Herman Cain made no sense when he ran for the 2012 Republican nomination for president.... But Cain made absolute sense when he talked about the state of the tea party on Fox News yesterday. "The tea party movement is alive and well. Now, I never expected tea party-backed candidates ... to take Congress by storm," he said. "But I think the key thing is it's causing many of the incumbents to move more to the right relative to what the tea party message is."

Oddly enough, that's entirely correct. I suppose even a broken clock is right twice a day.
 
To revisit our discussion from May, following the last big round of primaries, when GOP incumbents and establishment-backed candidates stumbled in 2010 and 2012, some of them were actually fairly mainstream, at least by contemporary standards.
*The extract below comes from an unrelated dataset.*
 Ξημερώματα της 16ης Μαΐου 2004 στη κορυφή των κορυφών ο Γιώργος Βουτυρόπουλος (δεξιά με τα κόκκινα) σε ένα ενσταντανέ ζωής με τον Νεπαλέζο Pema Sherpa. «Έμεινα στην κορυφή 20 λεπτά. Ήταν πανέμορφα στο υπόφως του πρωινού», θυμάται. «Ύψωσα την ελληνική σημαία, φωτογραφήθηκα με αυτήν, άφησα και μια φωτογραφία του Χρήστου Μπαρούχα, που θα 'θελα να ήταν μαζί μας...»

When Delaware's Mike Castle and Indiana's Dick Lugar lost tough primary fights in their respective cycles, the Republican's conservative base really was rejecting center-right candidates for ideologues more in line with right-wing activists and the party's radicalized base.
 
But in 2014, Republicans helped inoculate themselves, not by strengthening the party establishment or broadening their appeal, but by doing the exact opposite -- the party's incumbents moved sharply to the right, taking the line between the Tea Party and the party's mainstream and blurring it out of existence.
 
GOP incumbents found it easier to fend off challenges by extremists by moving so far towards the far-right cliff that their Republican opponents didn't have much to complain about.
 
Congratulations, Tea Partiers. You lost every battle, but won the war before the primary season even began.